La macchina delle promesse d’autunno si è messa in moto ieri sera a Porta a Porta: ospite e unico protagonista il premier Matteo Renzi, rinvigorito dalle difficoltà dei Cinquestelle per la vicenda Raggi e pronto a mettere a frutto le possibilità offerte dalla legge di Bilancio. Che improvvisamente diventa “sociale”, perché il presidente del consiglio indica quattro pilastri finora piuttosto bistrattati: «Pensioni minime, anticipo pensionistico, intervento per le partite Iva e salari dei dipendenti pubblici». Allo stesso tempo, Renzi annuncia che la data del referendum costituzionale verrà fissata «entro il 25 settembre», e che cadrà «tra il 15 novembre e il 5 dicembre» (quindi domenica 20 o 27 novembre, o 4 dicembre). Risolvere davvero quei 4 nodi – ma servono molti miliardi – sarebbe un ottimo viatico per il Sì.

Rimanendo sul referendum, si deve citare un altro passaggio, dove il premier ha spiegato che sulle dimissioni nel caso di vittoria del «No» «non ci ho ripensato. Ma siccome in tanti mi hanno detto che non dovevo personalizzare il referendum, ho detto solo che non parlo più del mio futuro». Fuori dal politichese: se vince il No mi dimetto, ma adesso non parliamo di me.

Referendum e legge di Bilancio interessano tutti i cittadini, ma certamente l’incrocio è particolarmente significativo per la Cgil e i suoi 5,6 milioni di iscritti: oggi e domani, in una Assemblea generale a Roma con 350 delegati, il sindacato guidato da Susanna Camusso ufficializzerà il suo no alla riforma voluta da Renzi, già espresso in un documento molto critico approvato dal Direttivo in maggio.

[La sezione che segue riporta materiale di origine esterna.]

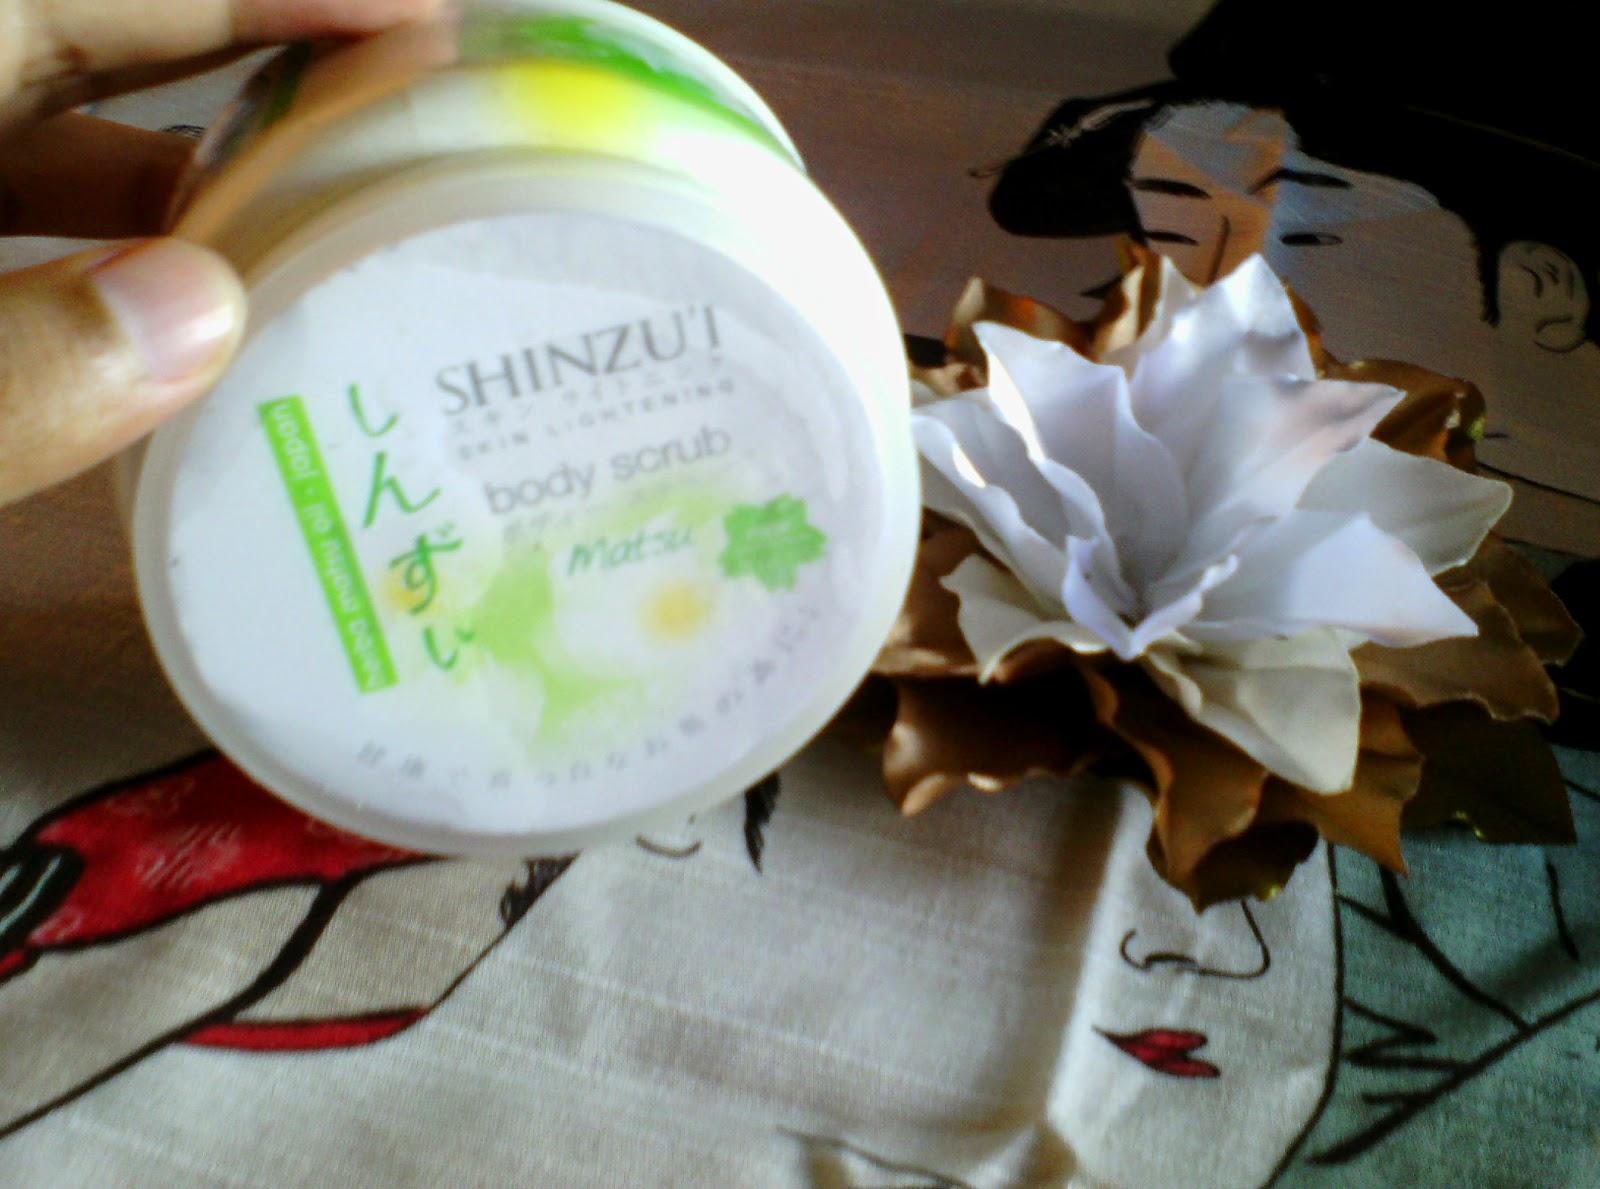 Your Test Shinzui Skin Lightening Body Scrub Matsu Nova Wijaya
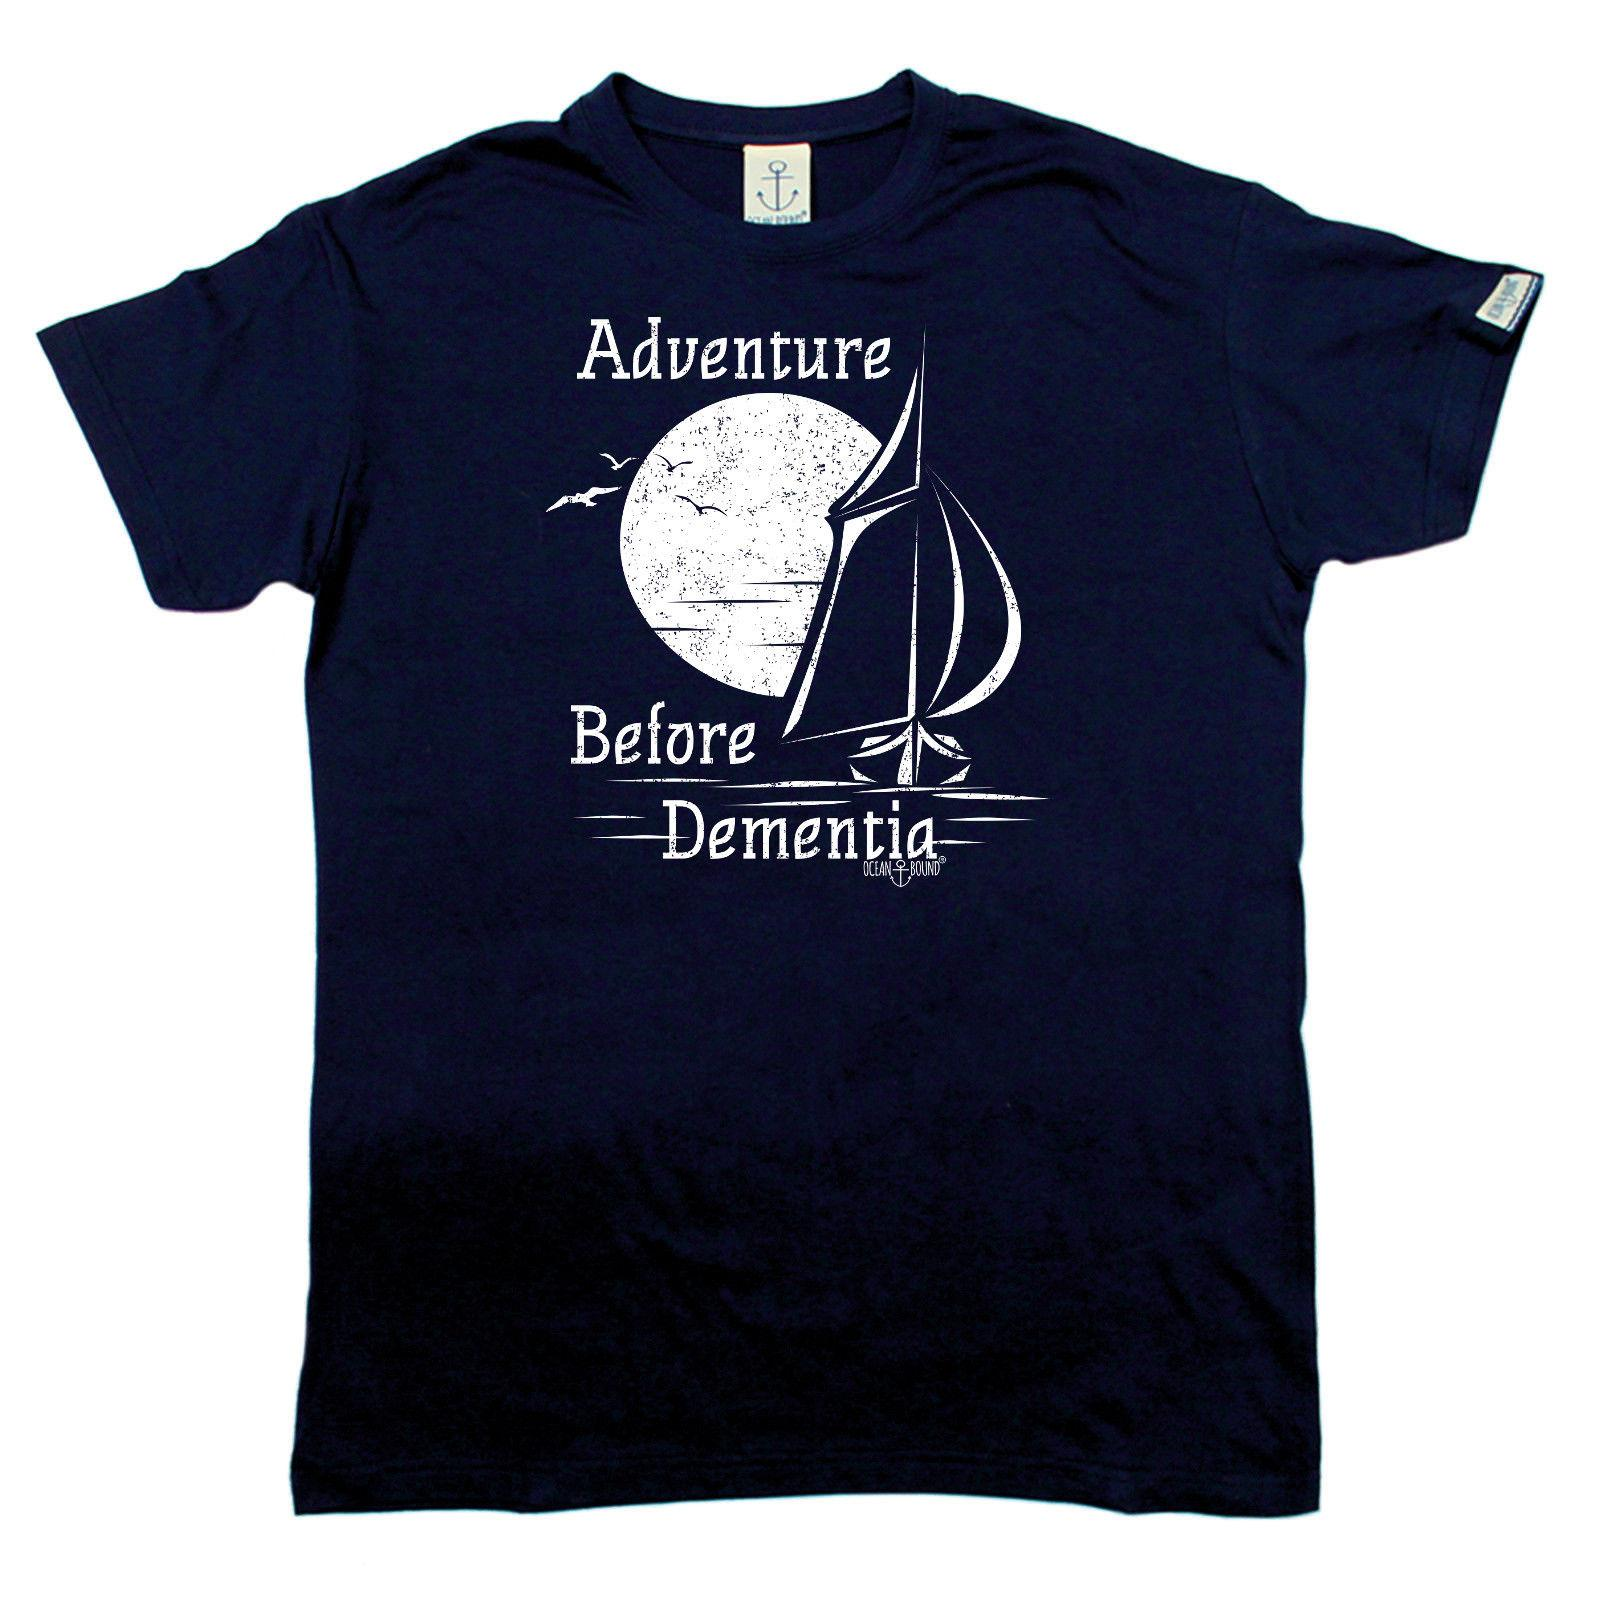 375d55da1cd Sailing T Shirt Funny Novelty Mens Tee TShirt NAOB1 T Shirts Boat T Shirts  Te Men Women Unisex Fashion Tshirt Design Own T Shirt T Shirt Making From  ...

Il no della Cgil è molto serio nei contenuti: il documento di maggio, in sole due paginette, spiega perché la riforma metta a rischio gli equilibri democratici e la stessa centralità del Parlamento e degli organi di garanzia, a favore del partito che ha la maggioranza di governo. Detto questo, però, e non scopriamo l’acqua calda, la Cgil non ha mai reciso il suo legame con il Pd – o comunque non lo hanno fatto tanti suoi dirigenti – nonostante gli screzi e gli scontri con Renzi. Se in maggio non si è voluto dare un No esplicito, e se oggi è inevitabile pronunciarsi visto che ad esempio già Cisl e Confindustria lo hanno fatto, dall’altro lato il sindacato non entrerà in nessun comitato, insomma non farà campagna.

Un modo per riavvicinarsi al premier, riannodare i rapporti soprattutto quando in ballo ci sono i 4 pilastri sociali citati proprio ieri sera da Vespa? Si vedrà, perché l’elaborazione della legge di Bilancio è lunga e sempre complicata, quindi le famose 4 voci potrebbero anche sparire con l’emendamento di una notte, o magari venire soddisfatte solo di facciata: un esempio per tutti, il contratto del pubblico impiego. Per rispondere realmente alle richieste del sindacato ci vorrebbero almeno 7 miliardi di euro (calcolo Uil), la passata legge di Stabilità aveva stanziato solo 300 milioni: tutti ci auguriamo che l’enorme gap venga colmato, ma la riteniamo una mission impossible.

Sulle pensioni, essendo un capitolo che costa meno, forse ci sono maggiori speranze: ieri Renzi ha voluto insistere sulle fasce più sfavorite e sui costi in caso di uscita anticipata, che addirittura – parole sue – sono diventati «un’inezia». «Metteremo più denari in tasca a chi di pensione prende poco poco». Sarà «una sorta di quattordicesima», come quella già istituita «dal governo Prodi per chi prende meno di 750 euro al mese».

E poi «tutti quelli che sono arrivati a tre anni prima della pensione o attraverso anticipo pensionistico che costi un’inezia o con accordi privati potranno andare in pensione anticipata«,
Infine l’attacco ai Cinquestelle: «Scene tristi, indecorose per tutti – ha detto il premier parlando del caso romano – Mai viste tante bugie tutte insieme, ma da italiano e da presidente del consiglio sono dispiaciuto, non compro i pop corn e non festeggio. E sono dispiaciuto che se Roma non si smuove perde la gigantesca opportunità per la città delle Olimpiadi».